VAST’s DASE architecture allows for the VAST DataBase to scale transactions linearly by simply adding CPUs ending the trade-offs of shared-nothing architectures.
As modern query engines like Spark and Trino replaced Hadoop, organizations turned away from HDFS and DAS-based architectures in favor of object storage based on AWS S3. However, S3's lower performance required query engines to introduce workarounds, such as caching middleware, which greatly complicated architectures.
Introducing VAST DataBase, a high-speed transactional and analytical database that can handle millions of transactions per second and terabytes per second of query throughput at exabyte-scale. Designed to run at the edge, core, and cloud, the VAST DataBase enables organizations to capture data in real-time, archive it at data lake scale, and perform queries on real-time streaming data across exascale datasets. Without the need for separate databases, data warehouses, data lake platforms, or complex ETL pipelines, it's now possible to deliver insights faster and at lower TCO than ever before.

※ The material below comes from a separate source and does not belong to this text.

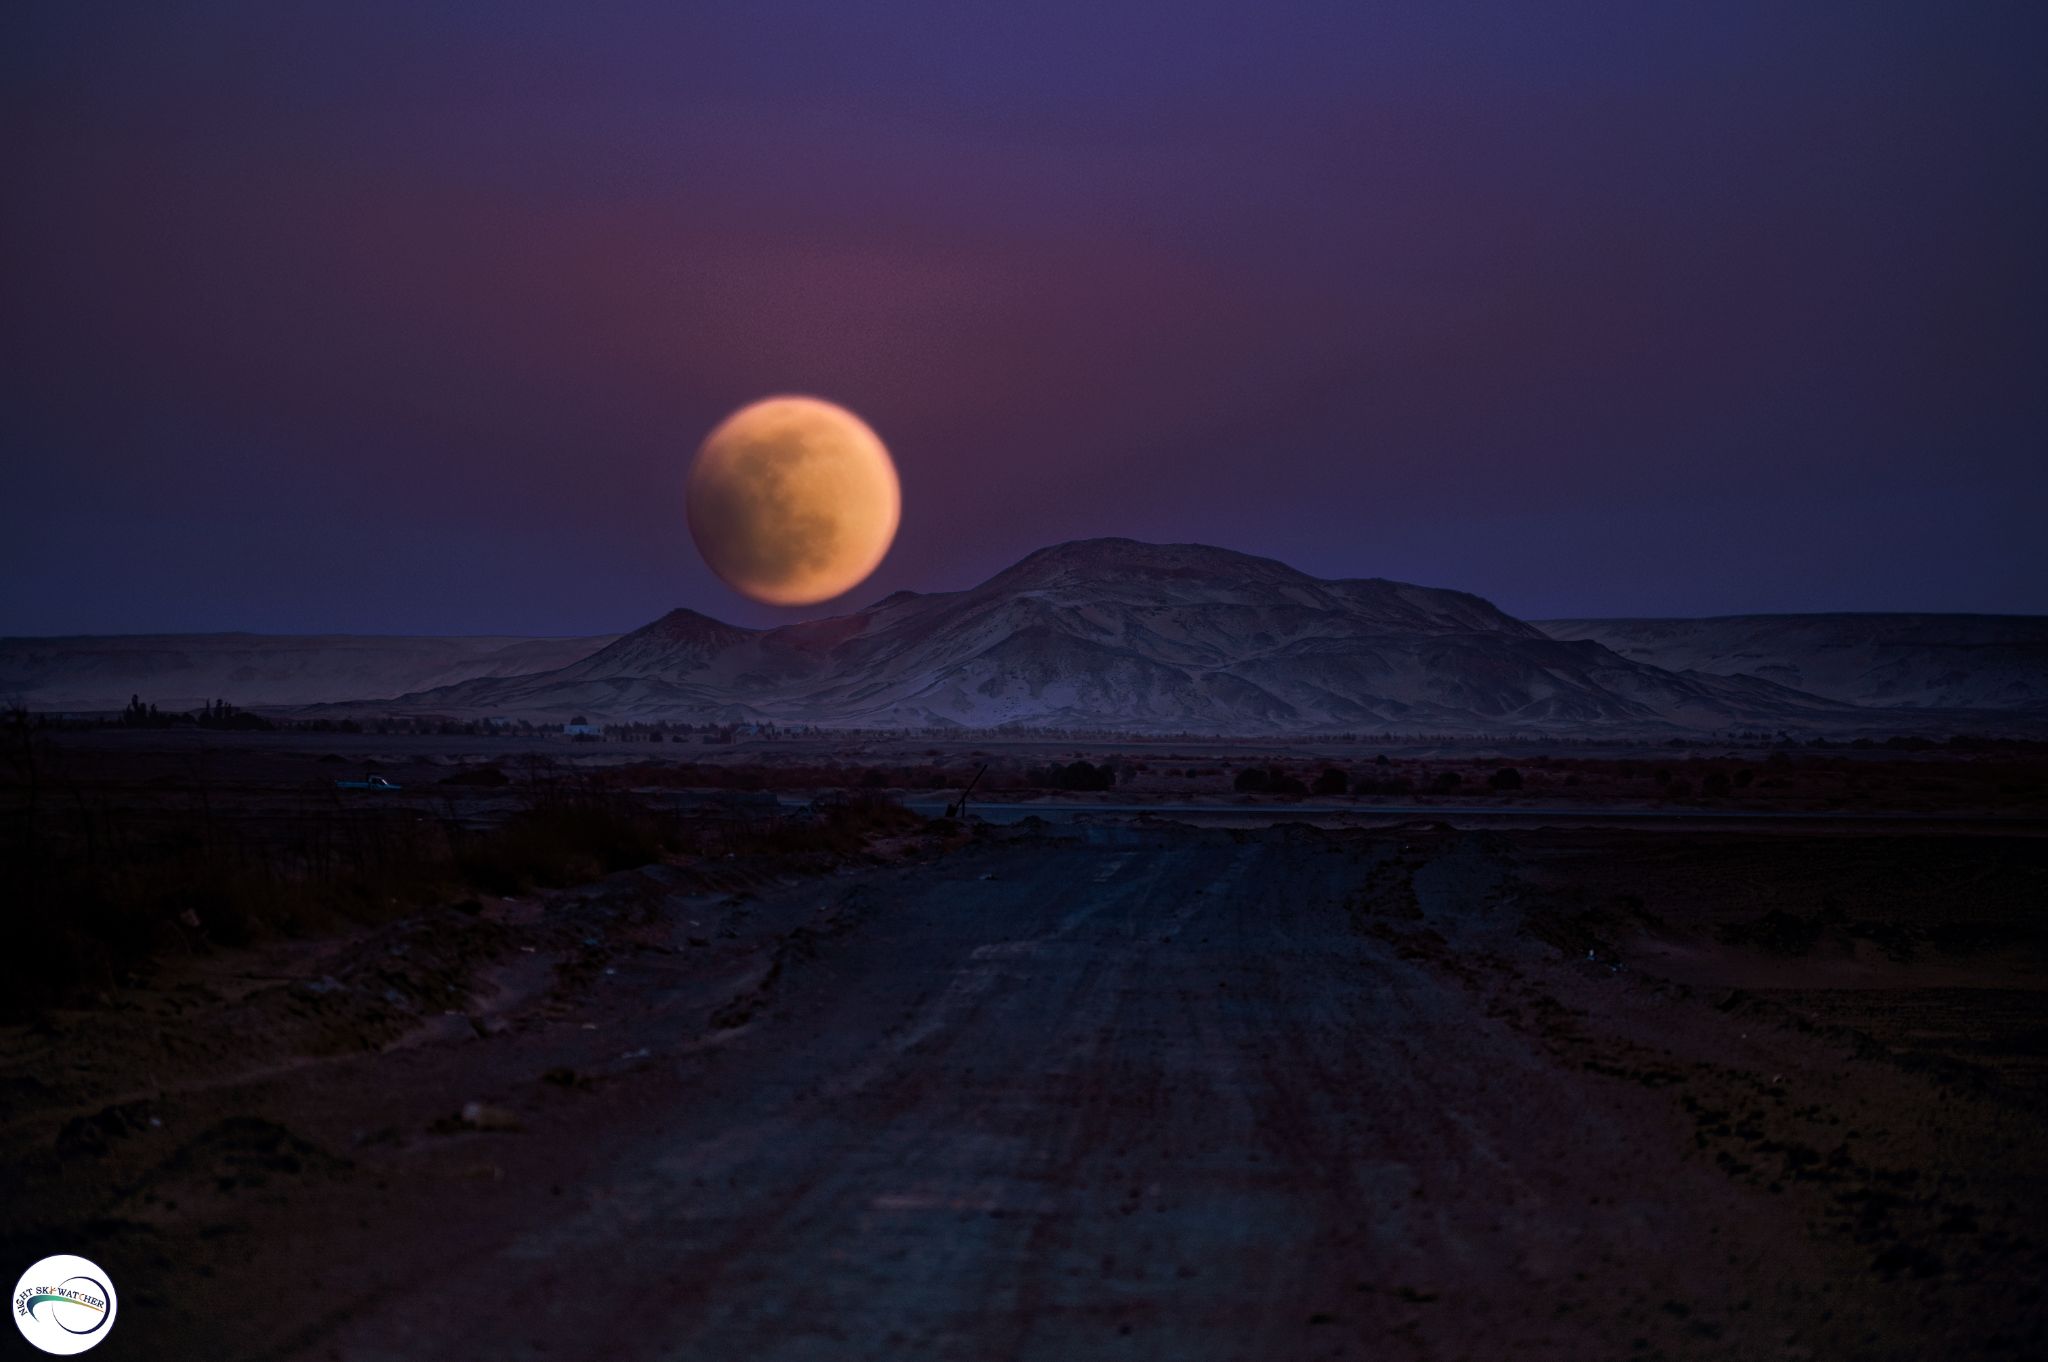 Community photo by Osama Fathi | Black desert

VAST solves the challenges of performance and scale for open platform analytics with scale-out NFS that provides parallel file systems levels of performance. Cloud-native applications benefit from VAST’s high-performance S3 implementation combined with full multiprotocol interoperability. Managing data at scale is simple with the VAST Catalog, an always-in-sync automatic metadata index built on the VAST DataBase that lets you search and find data via intuitive UI and SQL interface for advanced queries and automating workflows.